As programmers, you may have come across
- code that exists within a codebase, but never executes in the runtime.
- code that executes, but the result is never used.
Nobody in your team knows why it exists, and nobody has the courage to remove it. Most likely this can be a piece of code that was used for some functionality in the past which is not used anymore. With time, as your code grows with new features and bug fixes, the possibility of pieces of dead code lying around in various modules of your system becomes exponentially higher.
How to identify them?
Dead code can exist in the form of entire functions/methods. Sometimes entire source files. It could also be entire packages/modules. It could also be a one-line statement or an if condition that can never happen.
Modern IDEs do a wonderful job of identifying dead code. It is able to highlight code sections that are never used and makes the job much easier for the programmer to find them. Some compilers issue a warning during compilation if such code exists. Some compilers force to remove unused code and deny compilation otherwise. However, these tools have their limitations.

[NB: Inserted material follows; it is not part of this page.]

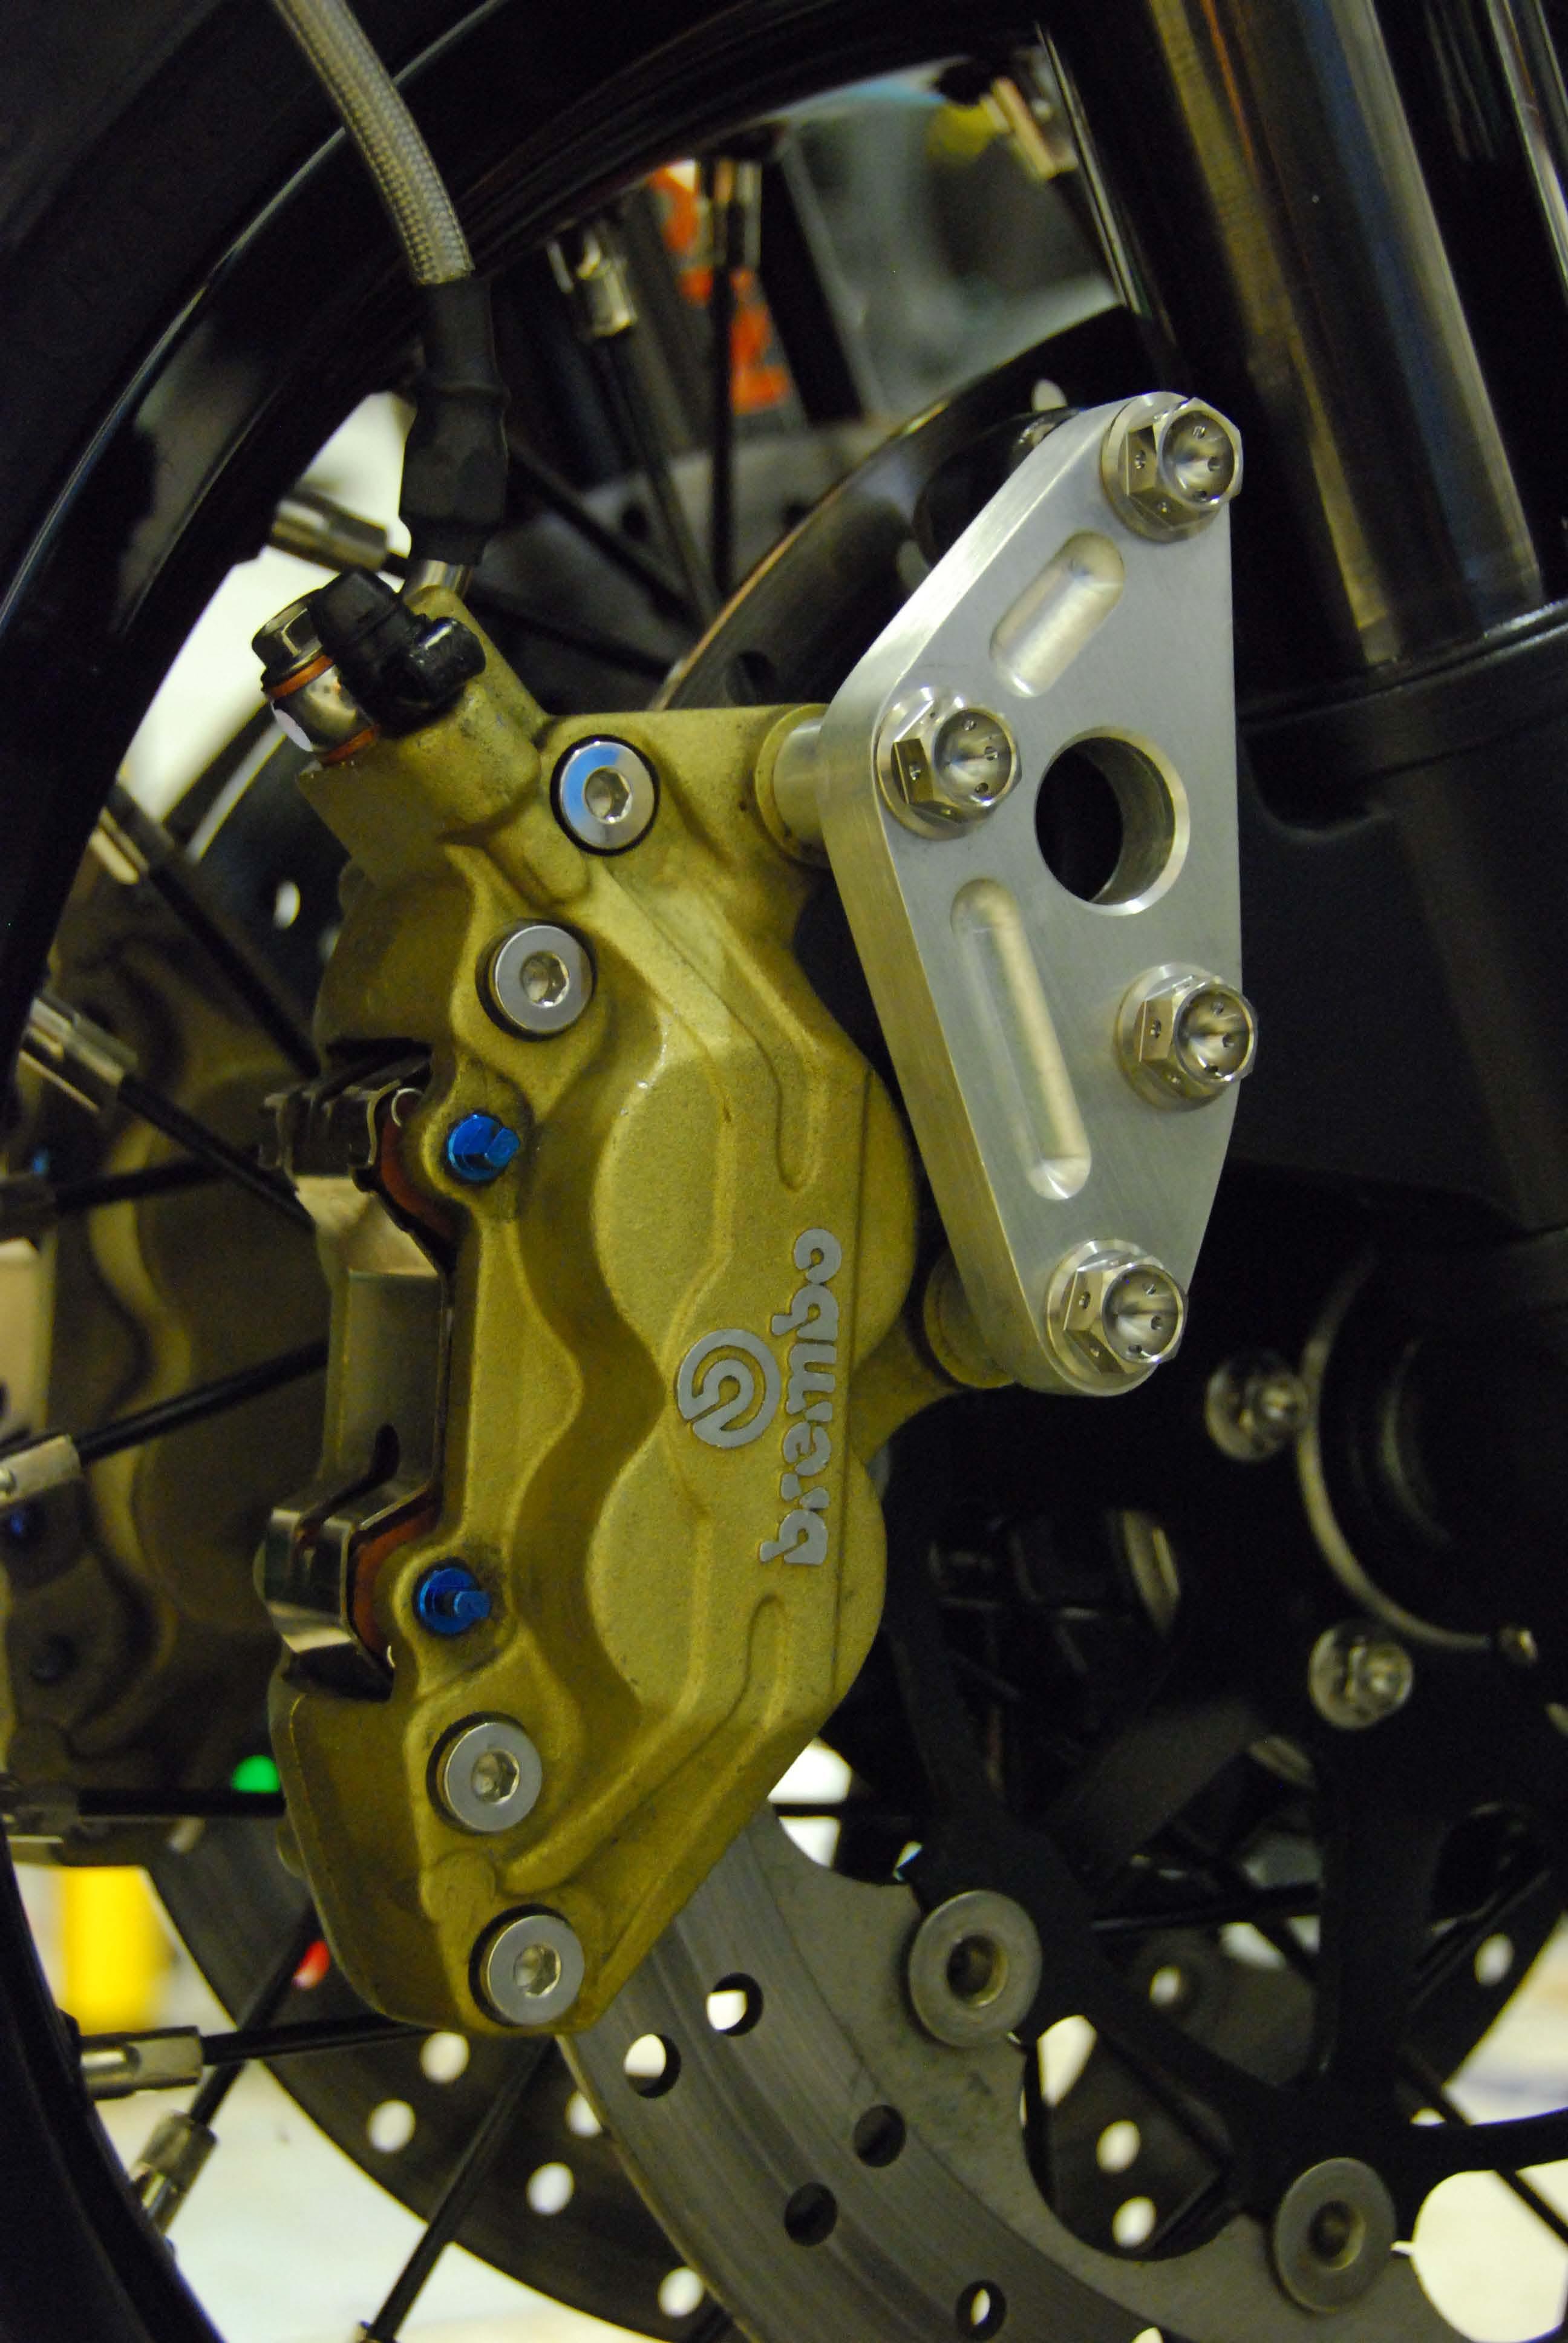 Brembo 4 Piston 2 Pad Caliper Conversion Upgrade Page

Think about a feature that has been deprecated and removed from the UI. Most likely, the IDE will not help you in these situations to identify the backend code related to this feature. Therefore being mindful about such occurrences is also paramount rather than relying completely on automated tools.
What happens when you have dead code lying around?

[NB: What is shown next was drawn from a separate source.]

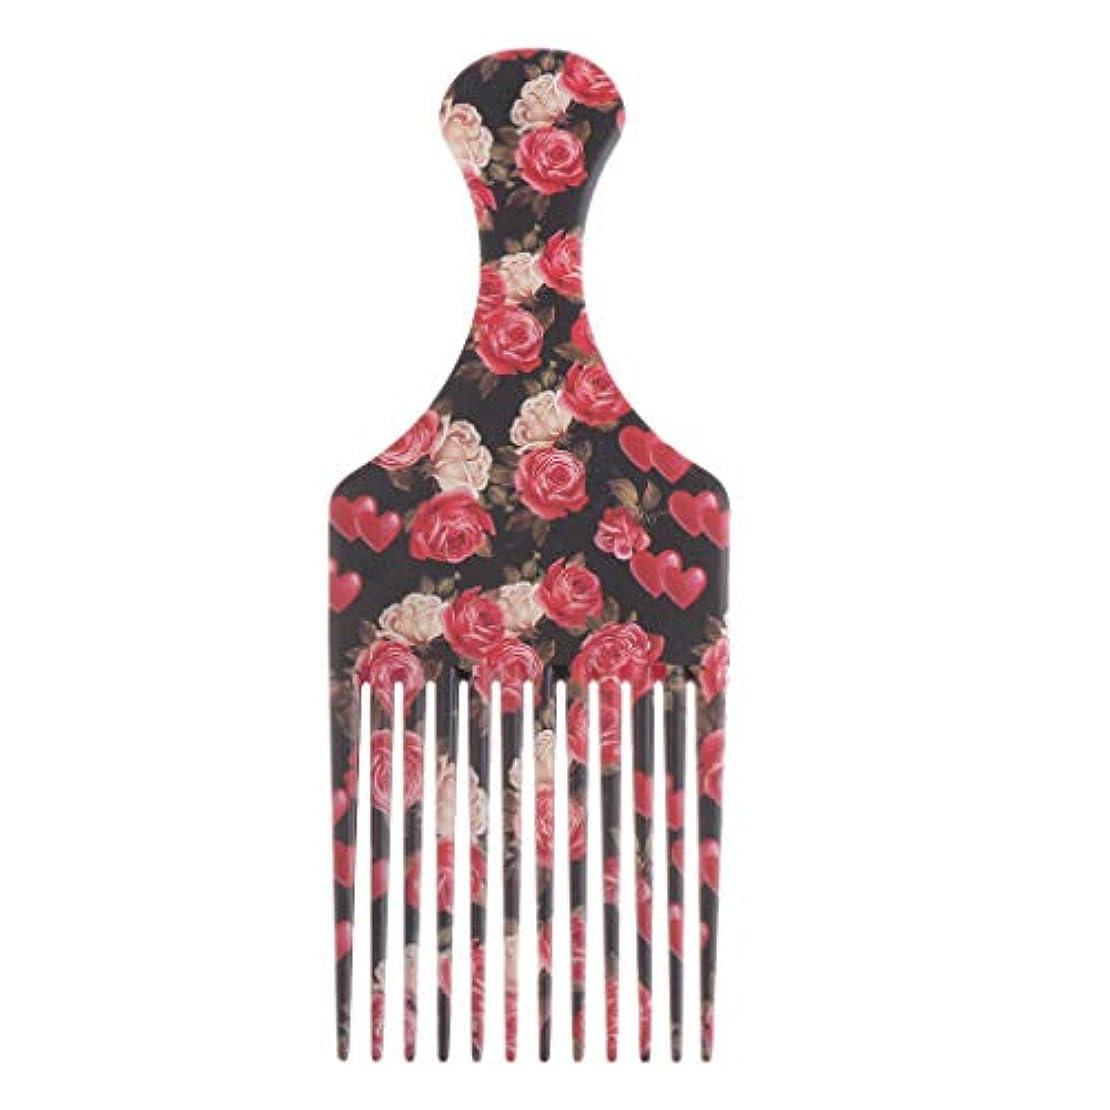 目の前の運ぶ病なヘアダイブラシ 毛染めコーム 髪染め用ヘアコーム サロン 美髪師用 DIY髪染め用 全3サイズ - 大

When you are working with a team, contributing to a common code base as the rest, there is one task that you do more than anything else: reading other people’s code. It is by reading code that other programmers wrote, and understanding it, we can decide on how to integrate the change we intend to do in the most effective manner. Think about the last time you had to do a change in some strange piece of code that you did not understand properly and wishing that it would do what you intended.
When people read through the dead code,
- Brain cycles are wasted.
- Confuses them.
- Wrong assumptions are made
- Unnecessary complexity is added on top of them
It can also affect build time and startup time depending on the scale of it.
Therefore it is essential to remove dead code as soon as you see them. This is not a one-time task nor a task that a single person can perform. The team has to understand the implications of letting unnecessary code lie around for no reason and take this as a collective responsibility.
Summary
Experienced programmers try their best to write code that others can understand with less effort. One task which could help achieve this goal is to remove unnecessary code as soon as you encounter it. In case of a mistake, you can always roll back: everybody uses version control nowadays.